Women who choose to have CVS or amniocentesis are often those at increased risk for genetic and chromosomal problems, in part because these tests are invasive and carry a small risk of miscarriage.
The main advantage of CVS over amniocentesis is that you can have it done earlier — generally between 10 and 13 weeks of pregnancy. For an amnio, you’ll have to wait until you’re at least 16 weeks pregnant.
What kind of problems does CVS diagnose?
Like amniocentesis, CVS can identify:
- Nearly all chromosomal abnormalities, including Down syndrome, trisomy 13, trisomy 18, and sex chromosome abnormalities (such as Turner syndrome). The test can diagnose these conditions, but it can’t measure their severity.
- Several hundred genetic disorders, such as cystic fibrosis, sickle cell disease, and Tay-Sachs disease. The test is not used to look for all of them, but if your baby is at increased risk for one or more of these disorders, CVS can usually tell you whether he has the disease.
Unlike amniocentesis, CVS cannot detect neural tube defects, such as spina bifida. If you opt for CVS, you’ll be offered a blood screening test in your second trimester to determine whether you’re at increased risk for neural tube defects. Most neural tube defects can be detected by a detailed second-trimester ultrasound done at a state-of-the-art academic center.
Be aware that if you have CVS, there’s a 1 to 2 percent chance of getting an unclear result. This is called a confined placental mosaicism, in which some of the cell lines cultured from the placenta contain abnormal chromosomes and some are normal. If your CVS detects a mosaicism, you’ll have to have amniocentesis and possibly other testing to determine whether your baby is affected.
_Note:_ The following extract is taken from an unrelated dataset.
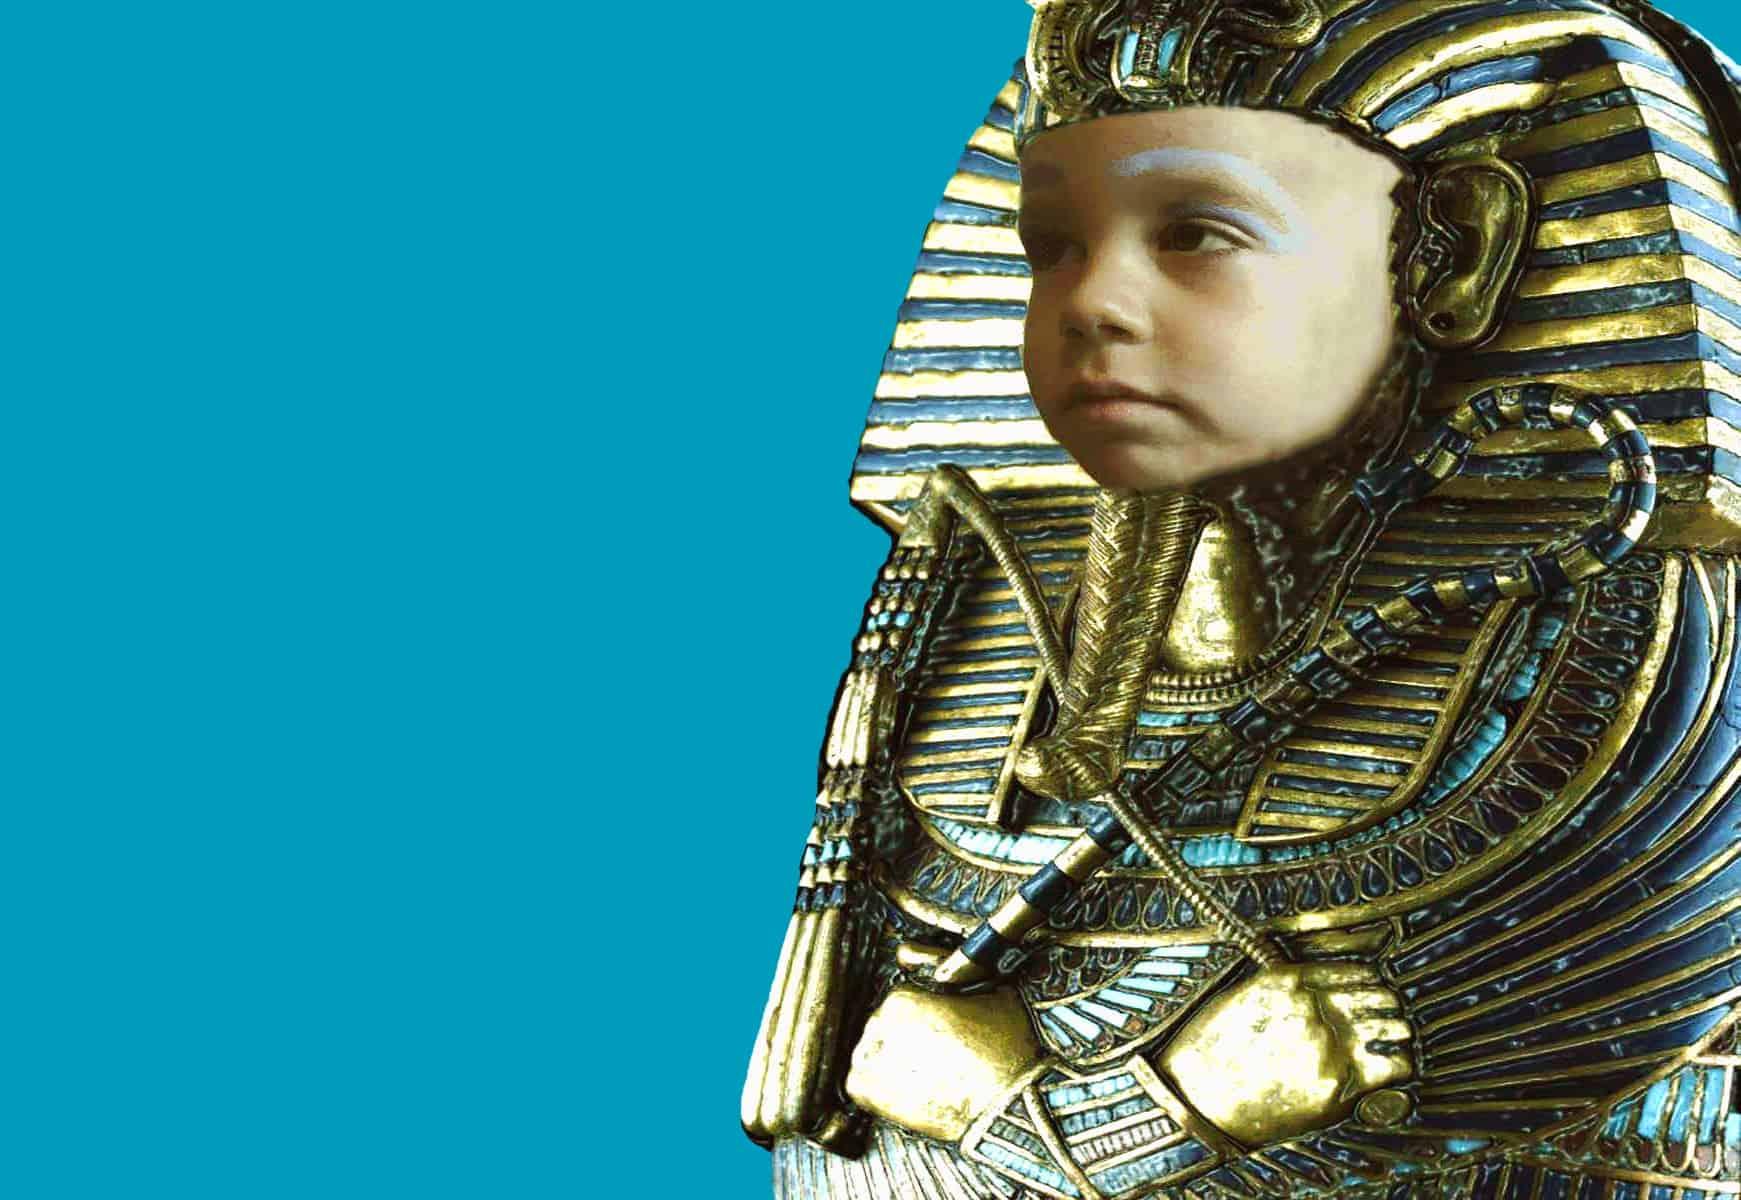 vrtić Povratka prirodi, Tutankamon
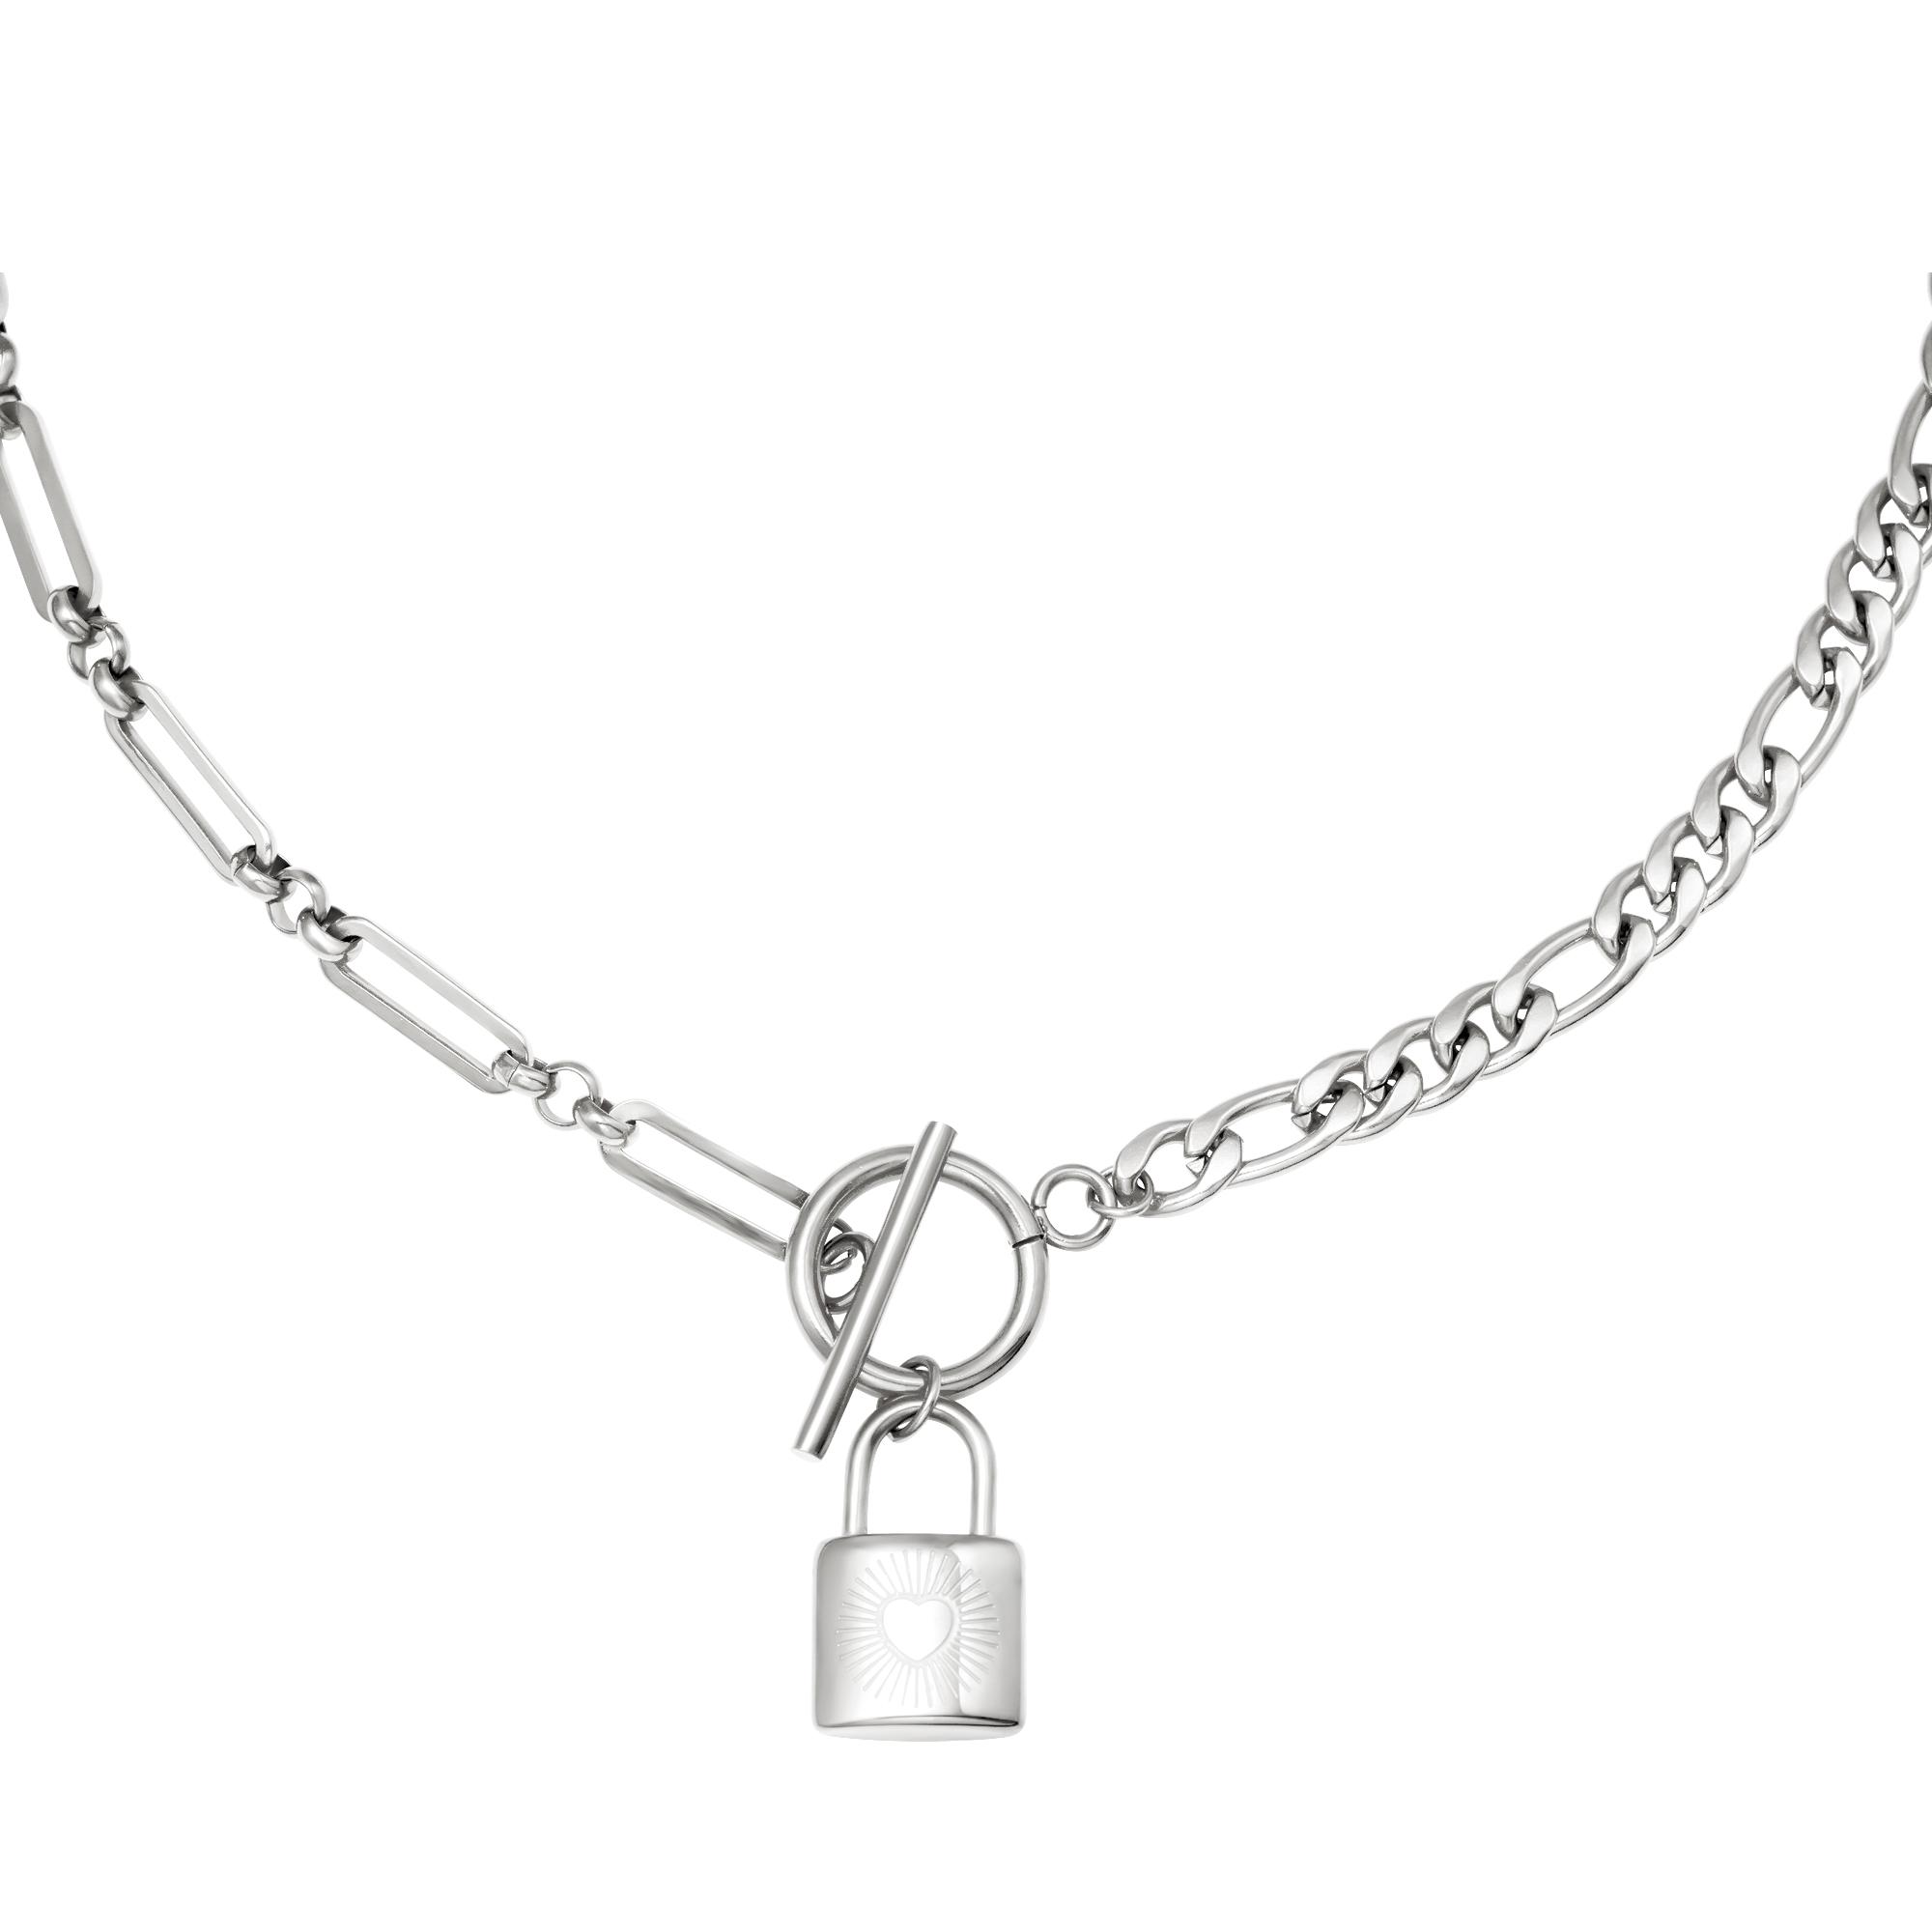 Schakelketting Chain & Lock zilver zilveren schakelketting slot bedel met hartje yehwng sieraden kopen bestellen

Is there any way to reduce the risks of CVS?
Ask your practitioner or genetic counselor to refer you to an experienced doctor who does a lot of CVS procedures and who is expert at both the transabdominal and transcervical procedures, so your doctor can choose the procedure that’s safest for you. You may also want to ask about the estimated rate of procedure-related miscarriage for the doctor or the center where you’re considering having the procedure done.
You’ll also want to make sure that an experienced registered diagnostic medical sonographer provides continuous ultrasound guidance during the procedure. This greatly increases the chances that the doctor will be able to obtain enough tissue on the first try, so you won’t have to repeat the procedure.